# Make my own 600-RT gels or wait?



## FunPhotons (May 20, 2012)

I've been waiting to learn gelling (is that a word?) until a sane gel solution came out, and I've been waiting for an in Flash Canon RF solution. Thankfully the 600-RT gives me both which is why I popped for three the day they released. Now I want to expand this wonderful gel system. The manual indicates that a 3x3 3rd party gel will work fine, but for some reason the flash won't report it correctly so you have to set a C.fn to turn off gel notification (not sure if this is a problem with a pre-2012 body).

Anyhow, should I roll my own gels or wait for somebody to come out with a 600-RT gel kit? If roll my own, any suggestions for a kit to buy? I'd like the CTB's, CTO's, Green, and a handful of Cines maybe. Would rather buy a pre done kit but I don't want to wait too long!


----------



## neuroanatomist (May 20, 2012)

FunPhotons said:


> ...should I roll my own...



Is that really a question for a photo forum?!? 
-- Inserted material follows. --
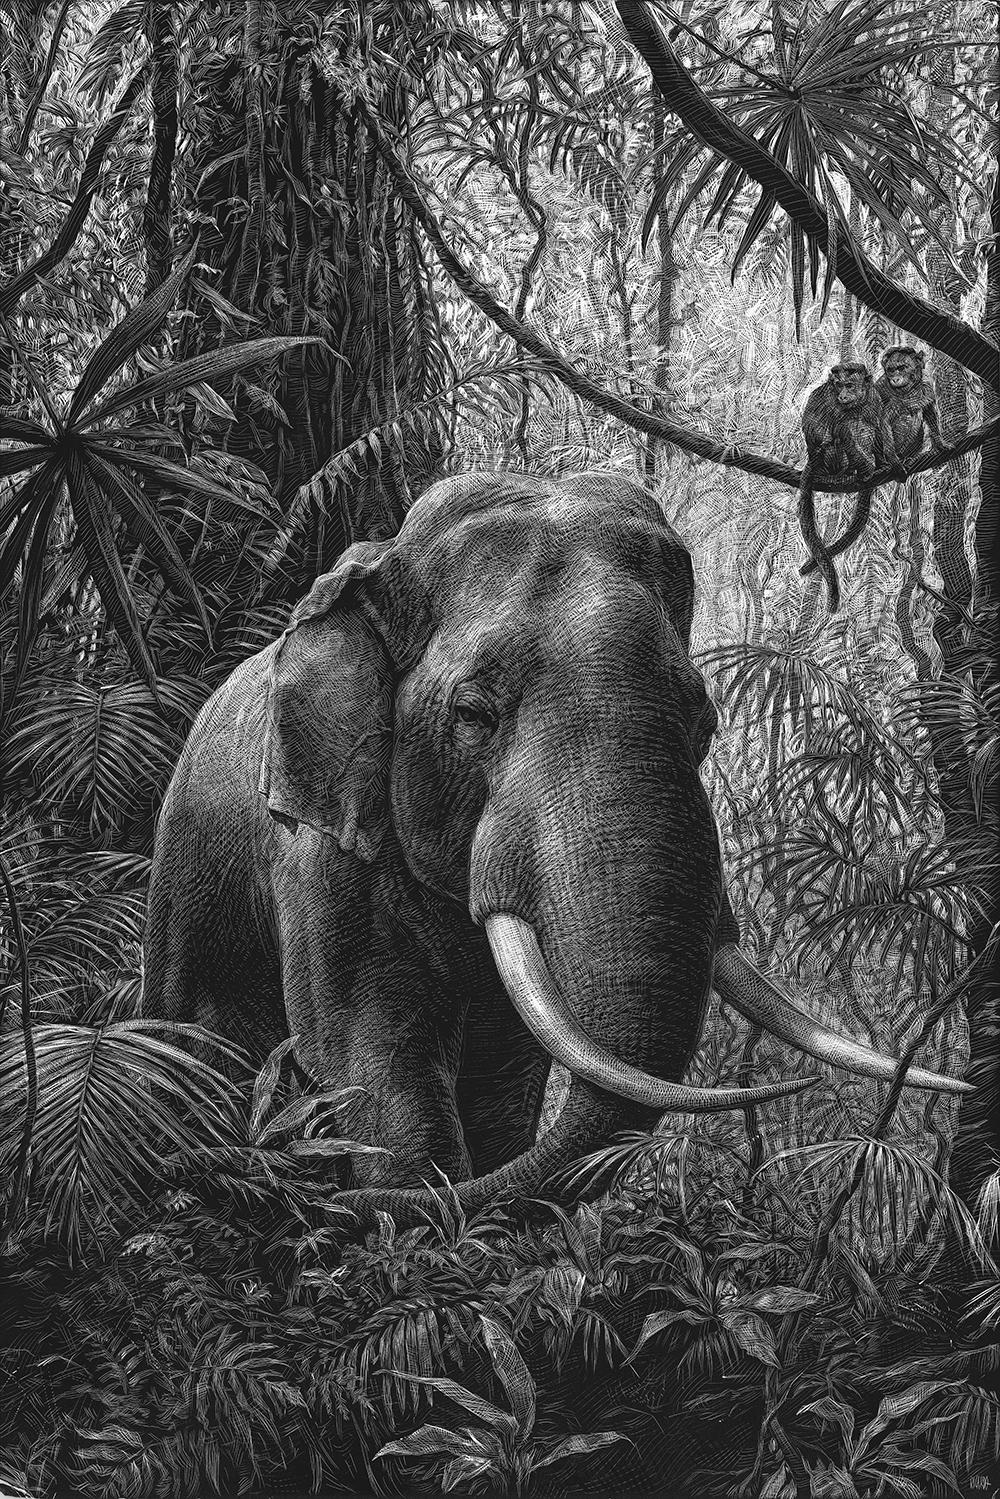 10-Elephant-and-Monkeys-Ricardo-Martinez-Wild-Animals-inside-Scratchboard-Drawings-www-designstack-co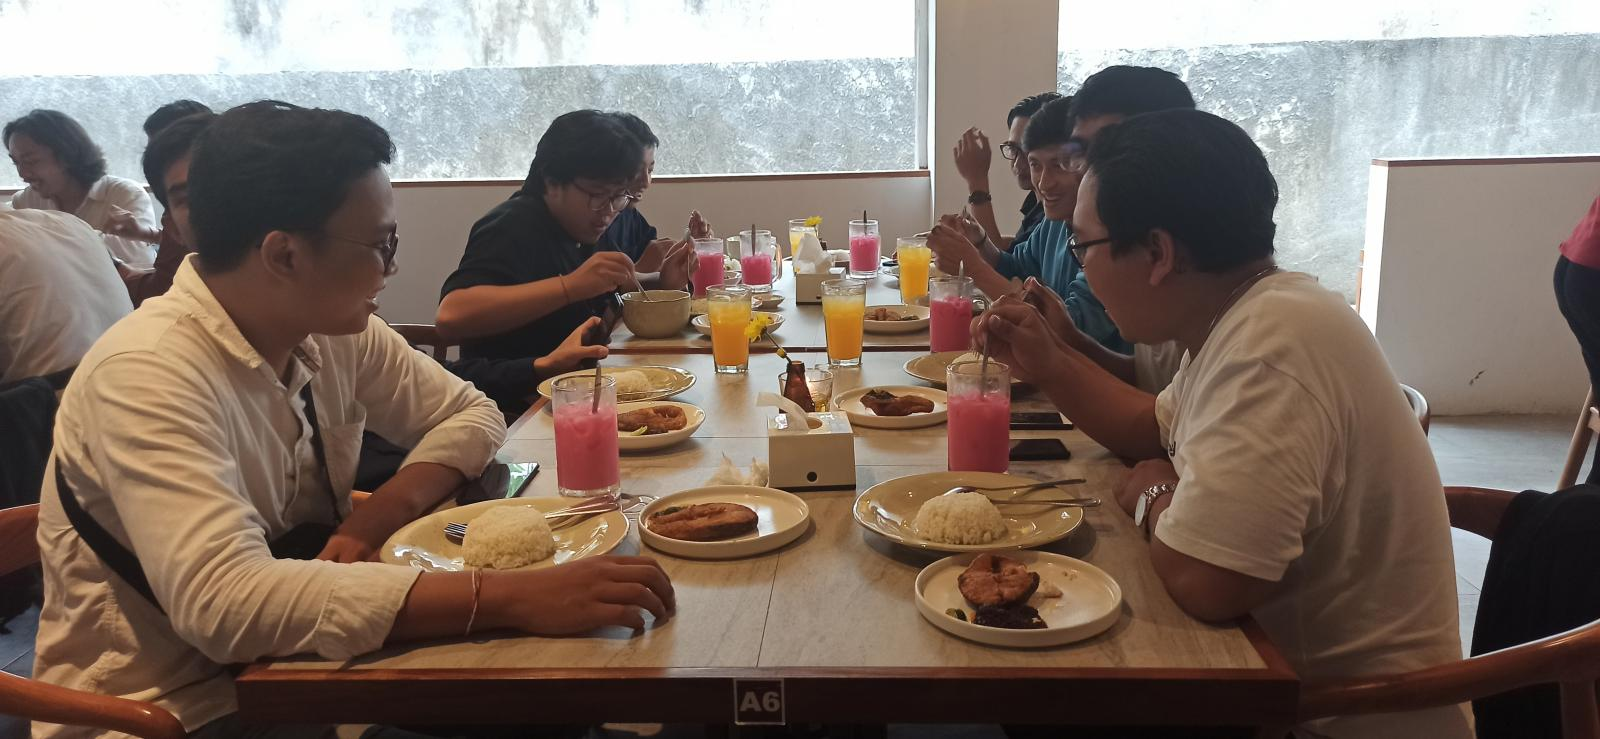 Gathering Event with Emporio Architect Bali Team at IGOR Renon 3

Seriously, I'd just buy a set of Rosco gels and go for it.


----------



## jm345 (May 20, 2012)

The 600RT has a "gel sensor." The flexible Canon gels fold under in the holder so that they cover the sensor and can be detected by it. Wouldn't that work for third party gels that can be mounted the same way? Are you saying the manual says it can only detect the two gels that come with the flash? That doesn't seem right but I don't have my manual with me right now to check.


----------



## RC (May 20, 2012)

You are probably aware of the clever Honl system, but in case you are not:

http://www.honlphoto.com/10-pack-filter-k10.html
http://www.honlphoto.com/filter-rollup.html
http://www.honlphoto.com/speed-strap.html

And it does not effect the Color Filter sensors on the 600EX-RT


----------



## FunPhotons (May 20, 2012)

NA: Rosco is fine, any suggestions? They have a 24x24 kit but that seems like a lot of plastic. 


jm345: Yes from what I understand Canon will only detect and report CTO 1/2 and CTO 1/4

RC: Yeah I'm aware of Honl, but like I said I've been waiting for a Canon solution, and now that we have it I think it's awesome. We just need more gels. 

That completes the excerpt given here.